* Task objective
Could you set down all of the data again, exactly as it stands?

[Recorded data]
########################################

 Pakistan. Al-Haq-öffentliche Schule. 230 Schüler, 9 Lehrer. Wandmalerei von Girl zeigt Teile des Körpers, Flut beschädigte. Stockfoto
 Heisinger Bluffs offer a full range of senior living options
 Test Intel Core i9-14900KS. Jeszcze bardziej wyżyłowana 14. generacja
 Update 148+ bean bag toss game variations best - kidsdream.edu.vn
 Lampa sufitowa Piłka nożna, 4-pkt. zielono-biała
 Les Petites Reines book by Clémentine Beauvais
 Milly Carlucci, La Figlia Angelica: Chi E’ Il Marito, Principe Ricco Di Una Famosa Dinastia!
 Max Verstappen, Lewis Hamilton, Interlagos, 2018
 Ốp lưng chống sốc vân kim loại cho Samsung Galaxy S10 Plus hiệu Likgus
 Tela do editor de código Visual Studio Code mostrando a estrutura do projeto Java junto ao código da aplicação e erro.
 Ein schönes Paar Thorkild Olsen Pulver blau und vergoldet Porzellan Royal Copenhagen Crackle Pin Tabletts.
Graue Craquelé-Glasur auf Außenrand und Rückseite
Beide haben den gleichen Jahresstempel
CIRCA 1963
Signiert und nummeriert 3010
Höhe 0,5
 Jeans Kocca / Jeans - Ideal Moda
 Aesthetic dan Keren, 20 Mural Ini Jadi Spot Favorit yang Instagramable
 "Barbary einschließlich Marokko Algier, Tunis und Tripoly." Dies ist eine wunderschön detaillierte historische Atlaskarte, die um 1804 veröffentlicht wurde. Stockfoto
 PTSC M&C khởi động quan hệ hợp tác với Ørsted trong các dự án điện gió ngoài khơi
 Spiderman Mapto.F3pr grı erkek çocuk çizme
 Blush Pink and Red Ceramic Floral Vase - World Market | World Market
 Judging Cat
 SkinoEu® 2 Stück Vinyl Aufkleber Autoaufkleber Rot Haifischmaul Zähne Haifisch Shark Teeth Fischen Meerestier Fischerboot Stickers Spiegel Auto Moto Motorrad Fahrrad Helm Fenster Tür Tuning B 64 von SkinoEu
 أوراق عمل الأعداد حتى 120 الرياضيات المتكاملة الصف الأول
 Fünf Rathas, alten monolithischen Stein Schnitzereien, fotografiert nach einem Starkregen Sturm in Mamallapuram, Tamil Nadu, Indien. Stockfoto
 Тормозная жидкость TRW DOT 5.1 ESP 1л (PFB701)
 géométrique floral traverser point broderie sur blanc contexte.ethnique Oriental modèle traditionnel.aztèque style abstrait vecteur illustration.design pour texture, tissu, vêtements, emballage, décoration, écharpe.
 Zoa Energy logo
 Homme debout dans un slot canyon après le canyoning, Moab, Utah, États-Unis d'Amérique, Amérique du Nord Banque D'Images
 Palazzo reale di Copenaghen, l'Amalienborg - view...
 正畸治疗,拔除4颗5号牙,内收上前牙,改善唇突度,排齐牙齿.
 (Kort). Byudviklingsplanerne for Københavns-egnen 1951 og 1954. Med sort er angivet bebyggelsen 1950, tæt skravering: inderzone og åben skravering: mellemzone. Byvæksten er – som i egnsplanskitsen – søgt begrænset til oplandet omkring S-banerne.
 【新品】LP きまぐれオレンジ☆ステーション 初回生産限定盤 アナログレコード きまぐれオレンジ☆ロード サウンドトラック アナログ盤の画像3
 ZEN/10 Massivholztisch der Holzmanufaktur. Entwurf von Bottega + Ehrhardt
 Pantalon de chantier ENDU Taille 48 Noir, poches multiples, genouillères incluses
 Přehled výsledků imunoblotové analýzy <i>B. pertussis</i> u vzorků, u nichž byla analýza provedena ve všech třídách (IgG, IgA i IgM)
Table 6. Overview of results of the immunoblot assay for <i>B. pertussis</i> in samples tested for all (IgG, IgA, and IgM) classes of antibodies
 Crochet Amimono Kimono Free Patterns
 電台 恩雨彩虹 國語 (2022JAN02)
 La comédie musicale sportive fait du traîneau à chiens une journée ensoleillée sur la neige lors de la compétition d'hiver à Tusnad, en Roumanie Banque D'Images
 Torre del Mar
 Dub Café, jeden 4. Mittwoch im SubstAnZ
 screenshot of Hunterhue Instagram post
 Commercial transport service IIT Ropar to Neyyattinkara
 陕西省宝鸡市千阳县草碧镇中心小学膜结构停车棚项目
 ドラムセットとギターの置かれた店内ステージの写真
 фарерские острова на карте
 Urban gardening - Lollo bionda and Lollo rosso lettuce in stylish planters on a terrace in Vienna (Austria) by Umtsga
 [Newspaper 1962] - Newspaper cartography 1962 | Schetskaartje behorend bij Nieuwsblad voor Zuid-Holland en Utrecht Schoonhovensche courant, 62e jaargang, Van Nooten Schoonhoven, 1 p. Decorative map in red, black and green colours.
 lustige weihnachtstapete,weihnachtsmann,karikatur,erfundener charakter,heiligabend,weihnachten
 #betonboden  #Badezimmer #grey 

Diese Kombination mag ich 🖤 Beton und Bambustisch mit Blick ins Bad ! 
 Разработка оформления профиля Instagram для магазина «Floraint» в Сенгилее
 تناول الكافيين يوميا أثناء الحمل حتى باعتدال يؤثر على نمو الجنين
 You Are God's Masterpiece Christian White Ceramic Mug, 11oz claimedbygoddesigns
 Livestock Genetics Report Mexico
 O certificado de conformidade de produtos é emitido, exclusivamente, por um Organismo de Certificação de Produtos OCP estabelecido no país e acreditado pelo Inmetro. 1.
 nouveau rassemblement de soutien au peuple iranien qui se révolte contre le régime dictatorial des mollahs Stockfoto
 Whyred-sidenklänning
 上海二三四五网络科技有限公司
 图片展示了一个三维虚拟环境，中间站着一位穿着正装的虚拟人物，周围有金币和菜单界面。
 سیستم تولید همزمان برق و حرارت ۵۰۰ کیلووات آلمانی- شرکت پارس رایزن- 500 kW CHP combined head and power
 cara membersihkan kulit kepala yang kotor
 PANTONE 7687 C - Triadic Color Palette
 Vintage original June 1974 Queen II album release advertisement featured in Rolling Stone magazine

########################################

* Result of this exercise
 Pakistan. Al-Haq-öffentliche Schule. 230 Schüler, 9 Lehrer. Wandmalerei von Girl zeigt Teile des Körpers, Flut beschädigte. Stockfoto
 Heisinger Bluffs offer a full range of senior living options
 Test Intel Core i9-14900KS. Jeszcze bardziej wyżyłowana 14. generacja
 Update 148+ bean bag toss game variations best - kidsdream.edu.vn
 Lampa sufitowa Piłka nożna, 4-pkt. zielono-biała
 Les Petites Reines book by Clémentine Beauvais
 Milly Carlucci, La Figlia Angelica: Chi E’ Il Marito, Principe Ricco Di Una Famosa Dinastia!
 Max Verstappen, Lewis Hamilton, Interlagos, 2018
 Ốp lưng chống sốc vân kim loại cho Samsung Galaxy S10 Plus hiệu Likgus
 Tela do editor de código Visual Studio Code mostrando a estrutura do projeto Java junto ao código da aplicação e erro.
 Ein schönes Paar Thorkild Olsen Pulver blau und vergoldet Porzellan Royal Copenhagen Crackle Pin Tabletts.
Graue Craquelé-Glasur auf Außenrand und Rückseite
Beide haben den gleichen Jahresstempel
CIRCA 1963
Signiert und nummeriert 3010
Höhe 0,5
 Jeans Kocca / Jeans - Ideal Moda
 Aesthetic dan Keren, 20 Mural Ini Jadi Spot Favorit yang Instagramable
 "Barbary einschließlich Marokko Algier, Tunis und Tripoly." Dies ist eine wunderschön detaillierte historische Atlaskarte, die um 1804 veröffentlicht wurde. Stockfoto
 PTSC M&C khởi động quan hệ hợp tác với Ørsted trong các dự án điện gió ngoài khơi
 Spiderman Mapto.F3pr grı erkek çocuk çizme
 Blush Pink and Red Ceramic Floral Vase - World Market | World Market
 Judging Cat
 SkinoEu® 2 Stück Vinyl Aufkleber Autoaufkleber Rot Haifischmaul Zähne Haifisch Shark Teeth Fischen Meerestier Fischerboot Stickers Spiegel Auto Moto Motorrad Fahrrad Helm Fenster Tür Tuning B 64 von SkinoEu
 أوراق عمل الأعداد حتى 120 الرياضيات المتكاملة الصف الأول
 Fünf Rathas, alten monolithischen Stein Schnitzereien, fotografiert nach einem Starkregen Sturm in Mamallapuram, Tamil Nadu, Indien. Stockfoto
 Тормозная жидкость TRW DOT 5.1 ESP 1л (PFB701)
 géométrique floral traverser point broderie sur blanc contexte.ethnique Oriental modèle traditionnel.aztèque style abstrait vecteur illustration.design pour texture, tissu, vêtements, emballage, décoration, écharpe.
 Zoa Energy logo
 Homme debout dans un slot canyon après le canyoning, Moab, Utah, États-Unis d'Amérique, Amérique du Nord Banque D'Images
 Palazzo reale di Copenaghen, l'Amalienborg - view...
 正畸治疗,拔除4颗5号牙,内收上前牙,改善唇突度,排齐牙齿.
 (Kort). Byudviklingsplanerne for Københavns-egnen 1951 og 1954. Med sort er angivet bebyggelsen 1950, tæt skravering: inderzone og åben skravering: mellemzone. Byvæksten er – som i egnsplanskitsen – søgt begrænset til oplandet omkring S-banerne.
 【新品】LP きまぐれオレンジ☆ステーション 初回生産限定盤 アナログレコード きまぐれオレンジ☆ロード サウンドトラック アナログ盤の画像3
 ZEN/10 Massivholztisch der Holzmanufaktur. Entwurf von Bottega + Ehrhardt
 Pantalon de chantier ENDU Taille 48 Noir, poches multiples, genouillères incluses
 Přehled výsledků imunoblotové analýzy <i>B. pertussis</i> u vzorků, u nichž byla analýza provedena ve všech třídách (IgG, IgA i IgM)
Table 6. Overview of results of the immunoblot assay for <i>B. pertussis</i> in samples tested for all (IgG, IgA, and IgM) classes of antibodies
 Crochet Amimono Kimono Free Patterns
 電台 恩雨彩虹 國語 (2022JAN02)
 La comédie musicale sportive fait du traîneau à chiens une journée ensoleillée sur la neige lors de la compétition d'hiver à Tusnad, en Roumanie Banque D'Images
 Torre del Mar
 Dub Café, jeden 4. Mittwoch im SubstAnZ
 screenshot of Hunterhue Instagram post
 Commercial transport service IIT Ropar to Neyyattinkara
 陕西省宝鸡市千阳县草碧镇中心小学膜结构停车棚项目
 ドラムセットとギターの置かれた店内ステージの写真
 фарерские острова на карте
 Urban gardening - Lollo bionda and Lollo rosso lettuce in stylish planters on a terrace in Vienna (Austria) by Umtsga
 [Newspaper 1962] - Newspaper cartography 1962 | Schetskaartje behorend bij Nieuwsblad voor Zuid-Holland en Utrecht Schoonhovensche courant, 62e jaargang, Van Nooten Schoonhoven, 1 p. Decorative map in red, black and green colours.
 lustige weihnachtstapete,weihnachtsmann,karikatur,erfundener charakter,heiligabend,weihnachten
 #betonboden  #Badezimmer #grey 

Diese Kombination mag ich 🖤 Beton und Bambustisch mit Blick ins Bad ! 
 Разработка оформления профиля Instagram для магазина «Floraint» в Сенгилее
 تناول الكافيين يوميا أثناء الحمل حتى باعتدال يؤثر على نمو الجنين
 You Are God's Masterpiece Christian White Ceramic Mug, 11oz claimedbygoddesigns
 Livestock Genetics Report Mexico
 O certificado de conformidade de produtos é emitido, exclusivamente, por um Organismo de Certificação de Produtos OCP estabelecido no país e acreditado pelo Inmetro. 1.
 nouveau rassemblement de soutien au peuple iranien qui se révolte contre le régime dictatorial des mollahs Stockfoto
 Whyred-sidenklänning
 上海二三四五网络科技有限公司
 图片展示了一个三维虚拟环境，中间站着一位穿着正装的虚拟人物，周围有金币和菜单界面。
 سیستم تولید همزمان برق و حرارت ۵۰۰ کیلووات آلمانی- شرکت پارس رایزن- 500 kW CHP combined head and power
 cara membersihkan kulit kepala yang kotor
 PANTONE 7687 C - Triadic Color Palette
 Vintage original June 1974 Queen II album release advertisement featured in Rolling Stone magazine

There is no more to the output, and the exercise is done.